Drew Vilinsky
Episode 347
22 SEP 2025
He played four years of varsity hockey at St. Ignatius High School in Cleveland and then played four years of club hockey (two at Division II and two at division I) at Saint Louis University. After his playing days he served as varsity hockey assistant coach and j.v. baseball assistant coach at St. John’s Jesuit in Toledo, Ohio for one year. He returned to his alma mater and served in a variety of roles: J.V. head coach for eight years at St. Ignatius High School, varsity hockey assistant coach for one year, two years coaching j.v. soccer and j.v. baseball, and three years of freshman baseball. At St. Ignatius he has created and directed the Sports and Arts Chaplaincy Program.
Notable guest quotes:
“Catholicism was the air that we breathe. It wasn’t something that we talked about much, but it was presumed that we’d be at Mass at Holy Family Parish on Sundays. The picture of Jesus right next to the front door and the blessing of my parents wedding from the Pope were hung on the walls and that’s just what it was.”
“My high school is an exceptional place. It’s a place where the Holy Spirit flows really freely. When I was a sophomore, we had a student gathering… where four kids had 45 minutes to speak to the entire student body about their experience going on a service trip to the Dominican Republic. And hearing what they were talking about and the way that they were living with families and digging latrines, it sounded like something that I wanted to do and was called to.”
“Our Catholic faith shows us accompanying the poor and discovering Christ in and through the other, especially the poor and vulnerable and being the face of Christ for them.”
“Being with people who did not have nearly as much as I had and spending time with them, those pregnant moments where there’s nothing going on, opened me up to a way of living, a way of being and experiencing Christ in the other.”
“In college, the happiest people that I met, the brightest people that met, were practicing Catholics, were people who took the time to get in front of the Eucharist, to go to Confession, to pray before they ate meals.”
“I was lucky enough to be on the team with our head coach… We prayed before practice. We prayed before games. It was part of what we did. And so I was in an environment that made it easy to continue to practice the faith.”

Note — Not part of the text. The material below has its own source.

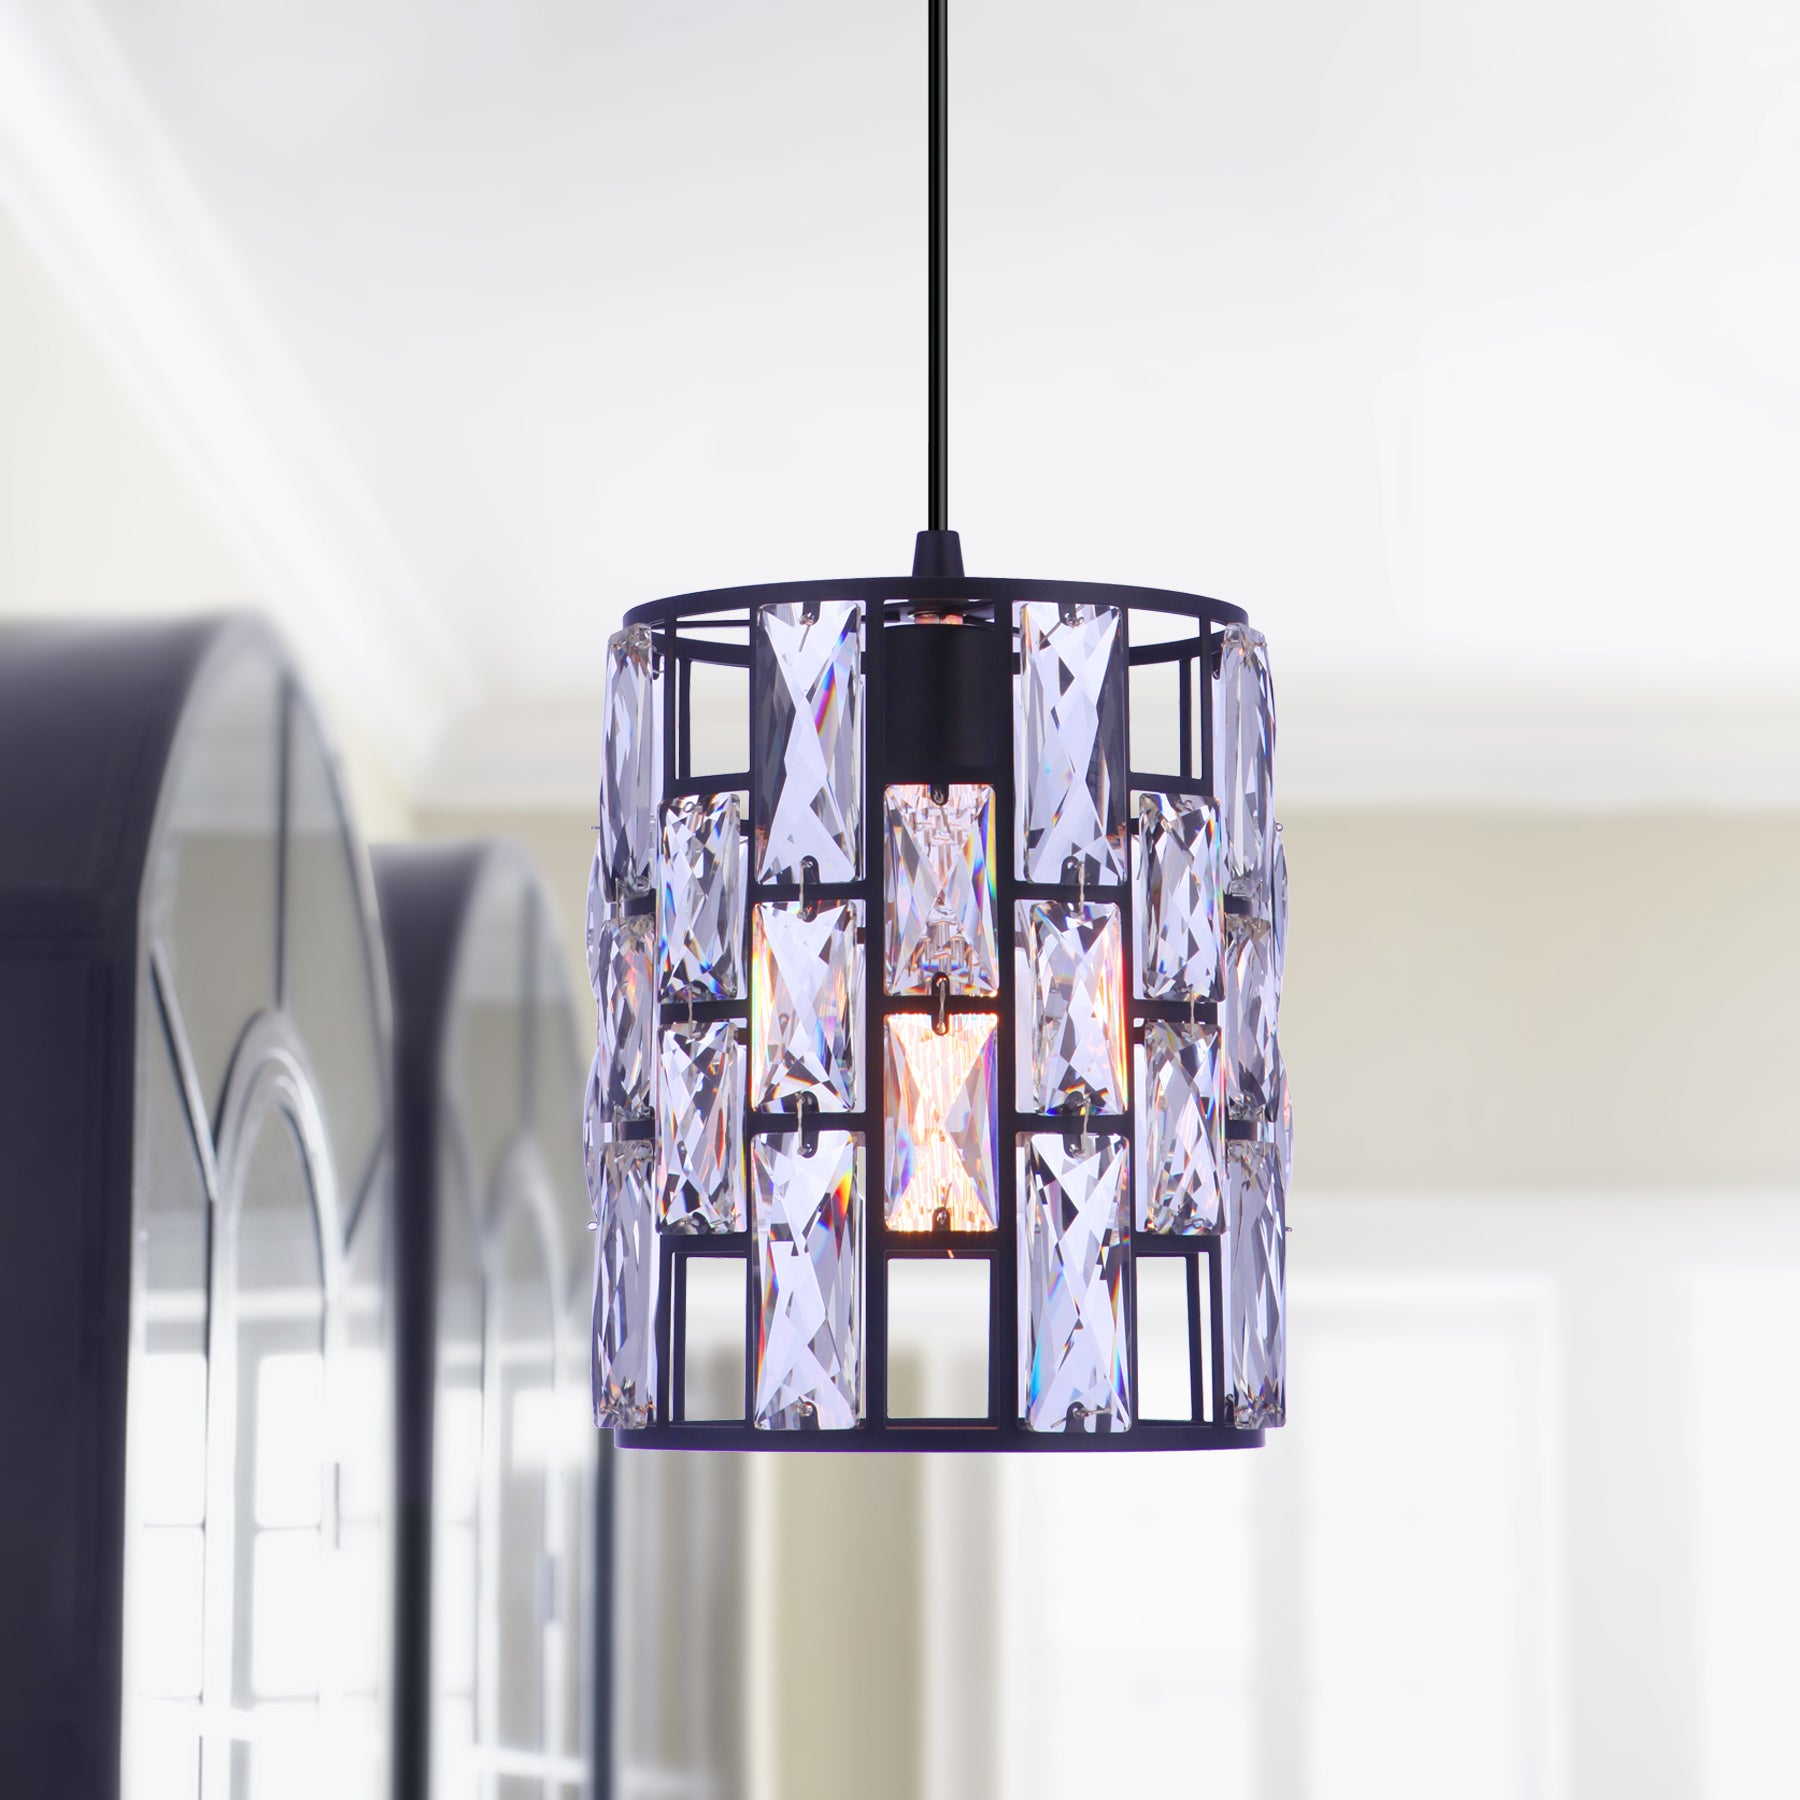 Worth Home Products - Matte Black Cylinder Crystal luxury Instant Pendant Light - Can light to pendant light Conversion kit for kitchen island, breakfast nook, dinig room, living room and home office - PBN-2357-65MB

“In the exact same way that a football coach should know every single aspect of his team but is also going to have an offensive coordinator – because offense is so important, we need somebody to drill down on that and to make that his or her own – at St. Ignatius we have 20 people who run the chaplaincy for 25 different teams and performing arts, that help invite kids to know Christ in and through their sport.”
“I came back to the school, and I wanted to know, how are we inviting kids into the faith through sports. We say that we are and I saw it happening in an ad hoc way… I wanted to see, is there an institutional way that we can do this… I remember like Father Ken Styles being at the end of the bench when I was playing hockey at school.”
“I’ve actually gone to Rome and talked to some people at the Dicastery for Culture and Education and sports falls underneath that, and the idea of laypeople being the chaplain is something very, very different in our church for high school level, moreover in North America.”
“My buddies, when I was in high school, we would wake up at 5:30 in the morning to go play hockey. We wouldn’t wake up at 5:30 in the morning to go to Mass. But to leverage their love of hockey, their love of basketball, their love of soccer, to show them how God’s reaching out to them in that, and then that becomes an inlet to go to Mass. That becomes an inlet to engage with the church. That’s what we’re attempting to do at our best.”